Cumhurbaşkanı Tayyip Erdoğan da bizim nesliden sayılır; hiç kuşkusuz o da vaktiyle tepkilerini duyurma amaçlı mitinglere, yürüyüşlere katılmıştır. Kitlelerin seslerine kulak verilmesinin gerekli olduğunu bilecektir.
İktidarlar sokakların hareketlenmesini istemez, hareketlenince hoşlanmaz, varlığının tehdit edildiği endişesine kapılır, gösterilerin fazla uzamasından çekinir.
Her iktidarın siyasi hafızasında, Paris’te başlayan ve oradan dünyanın değişik ülkelerinde etkisini hissettiren 1968 öğrenci hareketleri vardır.
Yine de tahammül edilir sokaklardan yükselen sese…

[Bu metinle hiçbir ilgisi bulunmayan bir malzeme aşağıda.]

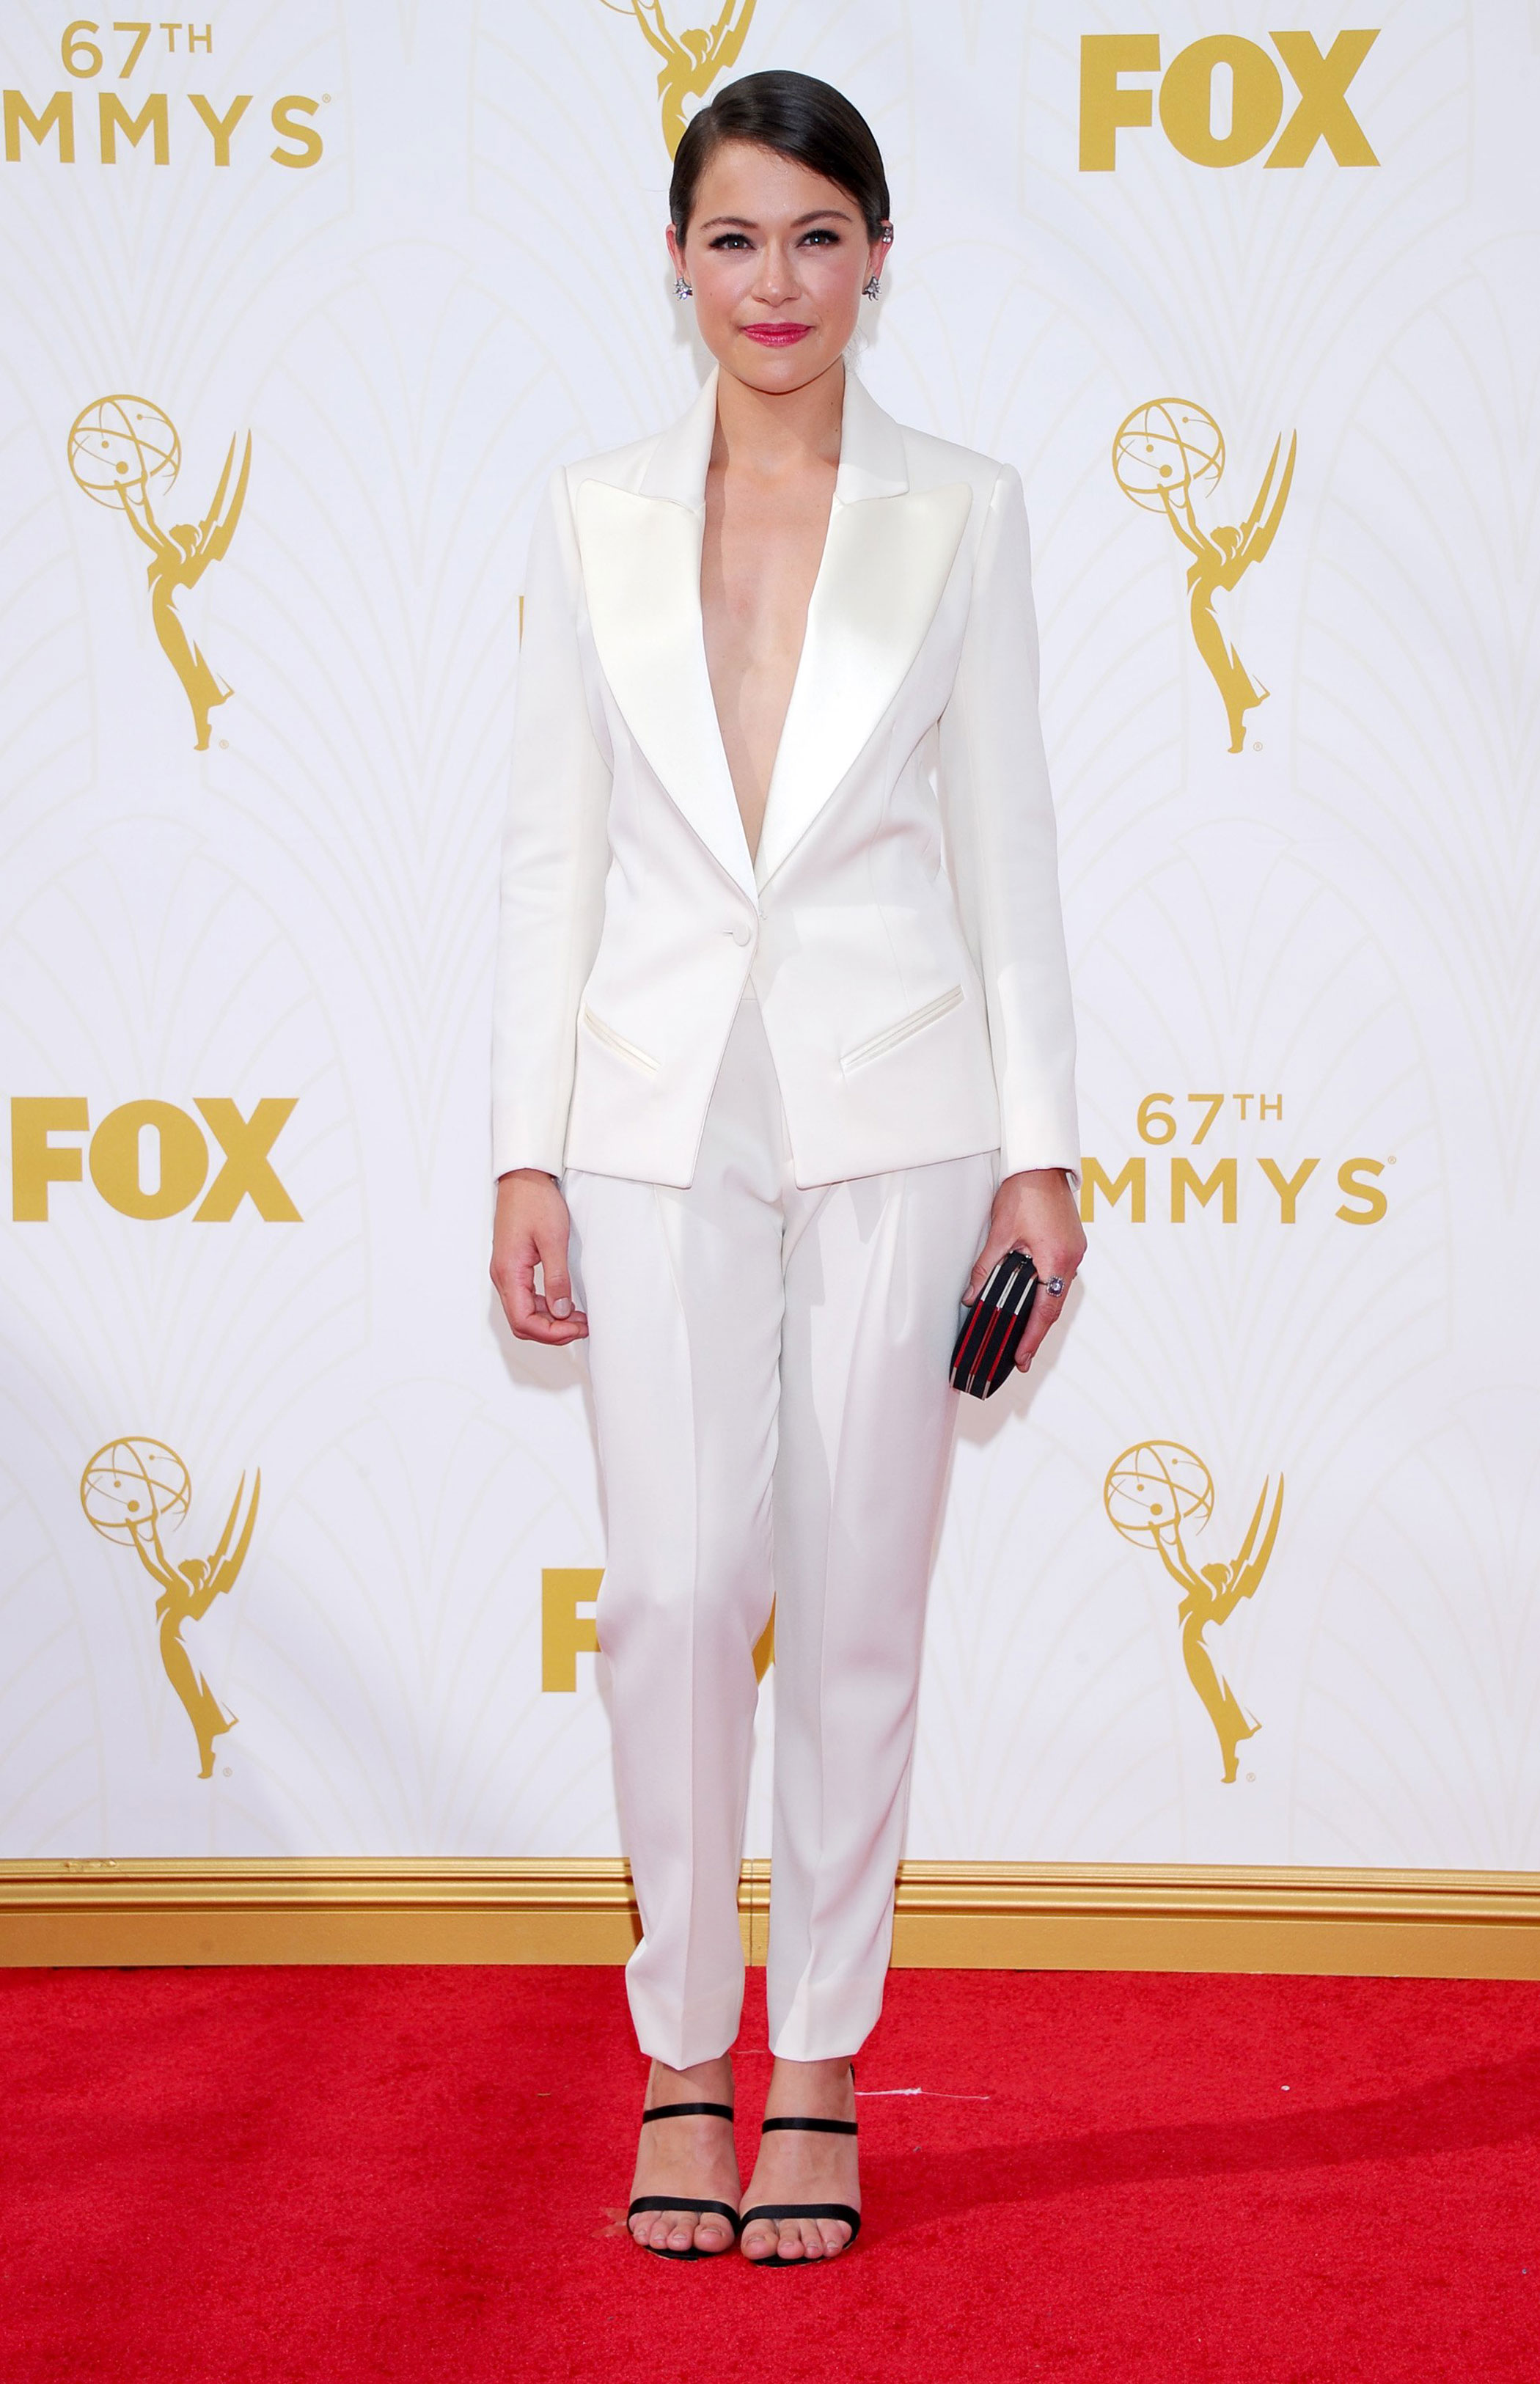 Tatiana Maslany at the 67th Emmy Award on Sept. 20, 2015 in Los Angeles.

Zaten Türkiye Cumhuriyeti Anayasası’nın bir maddesi -1982 Anayasası’nda 34. madde, başka hiçbir anlama çekilmesine izin vermeyecek bir açıklıkta, “Herkes önceden izin almadan silahsız ve saldırısız toplantı ve gösteri yürüyüşü düzenleme hakkına sahiptir” hükmünü getirmiştir.
Bir ara, tepkilerini şehirler arası yollarda yürüyerek dışa vurmaya kalkacakları engelleme amacıyla 2911 sayılı Toplantı ve Gösteri Yürüyüşleri Kanunu’na konulmuş (22. madde) “...Ve şehirlerarası karayollarında gösteri yürüyüşleri düzenlenemez” ibaresinin iptali için yapılmış başvuruyu Anayasa Mahkemesi yerinde bularak iptal etmiştir.
Meydanlar ve sokaklar hak ve özgürlüğü kulanma alanıdır.
Sokakları, meydanları tepki vermek amacıyla kullananların da eylemlerini saptırmaya kalkışacaklara karşı dikkatli olmaları gerekir. Kalabalıklara sızan tiplerin kitleleri yanlış yönlere sevk etme çabaları ya da işin içine vurucu-kırıcı-öldürücü silahları sokarak barışçı eylemi kanlı hale dönüştürme gayretleri olabileceği akıldan çıkarılmamalıdır.
Dünyanın gözü üzerimizde.
ABDE’NİN DE…
Bazıları günlük basınla buluşmasında Türkiye’de yaşananlara dair bir soruya ABD Dışişleri Bakanlığı sözcüsü Tammy Bruce’un verdiği cevabın basitliğine şaşırmış görünüyor.
ABD’nin yeni yönetimi, eminim, daha önce bizdeki pek çok örneği takdire ve taklide layık bulduğu gibi, bu gelişmeyi de merakla izlemeyi yeğleyecektir.
Trump’ın da ABD’de hesap soracakları var çünkü.